Description

windy has learned a game.

For the $N$ numbers from $1$ to $N$, each number is mapped to a unique and different number from $1$ to $N$ (i.e., a permutation).

At the beginning, windy writes the numbers in order $1, 2, 3, \cdots, N$ in a row on paper.

Then, underneath this row, he writes their corresponding numbers.

Next, underneath the new row, he writes the numbers corresponding to that row.

He repeats this process until the sequence becomes $1, 2, 3, \cdots, N$ again.

For example: $1\ 2\ 3\ 4\ 5\ 6$.

The correspondence is: $1\to 2$, $2\to 3$, $3\to 1$, $4\to 5$, $5\to 4$, $6\to 6$.
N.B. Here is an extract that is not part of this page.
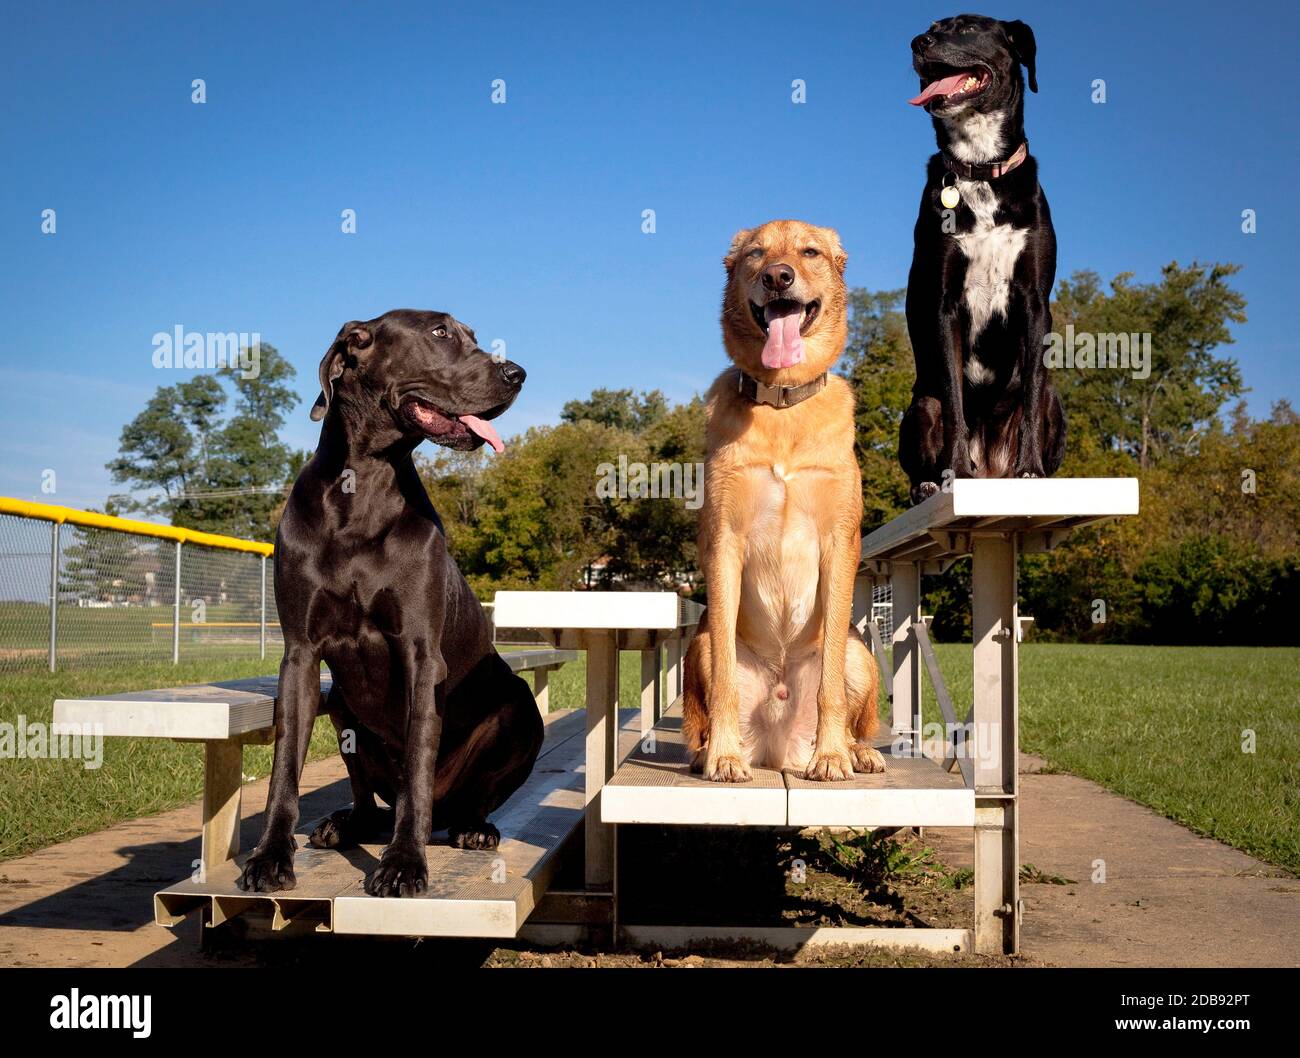 Three cute dogs sitting on a baseball bleacher Stock Photo
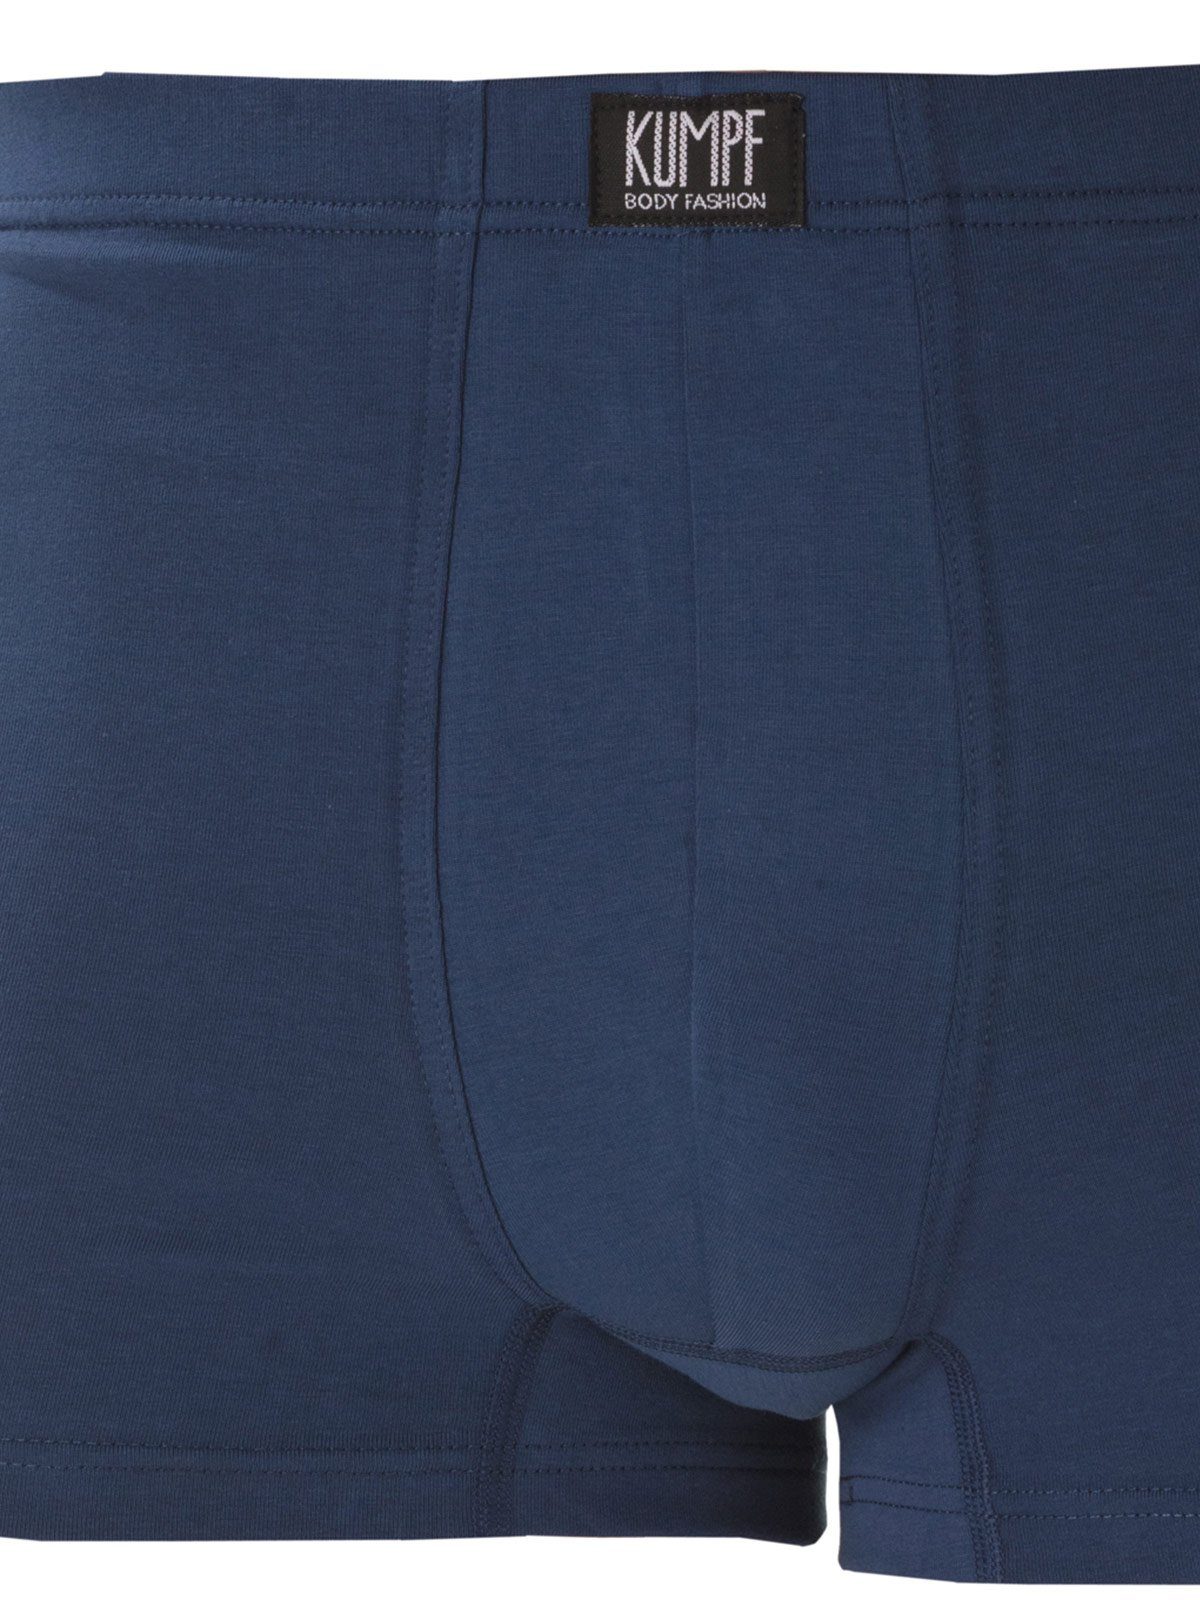 KUMPF Retro Pants Herren Pants 1-St) Markenqualität darkblue Cotton hohe (Stück, Bio

windy operates as follows: 1 2 3 4 5 6 2 3 1 5 4 6 3 1 2 4 5 6 1 2 3 5 4 6 2 3 1 4 5 6 3 1 2 5 4 6 1 2 3 4 5 6

At this point, we have several rows of permutations of $1$ to $N$; in the example there are $7$ rows.

Now windy wants to know: over all possible correspondences, how many different possible numbers of rows are there.

Input Format

A single integer, $N$.

Output Format

A single integer, the number of possible row counts.

3

3

10

16

Hint

For $30\%$ of the testdata, $1 \le N \le 10$.

For $100\%$ of the testdata, $1 \le N \le 1000$.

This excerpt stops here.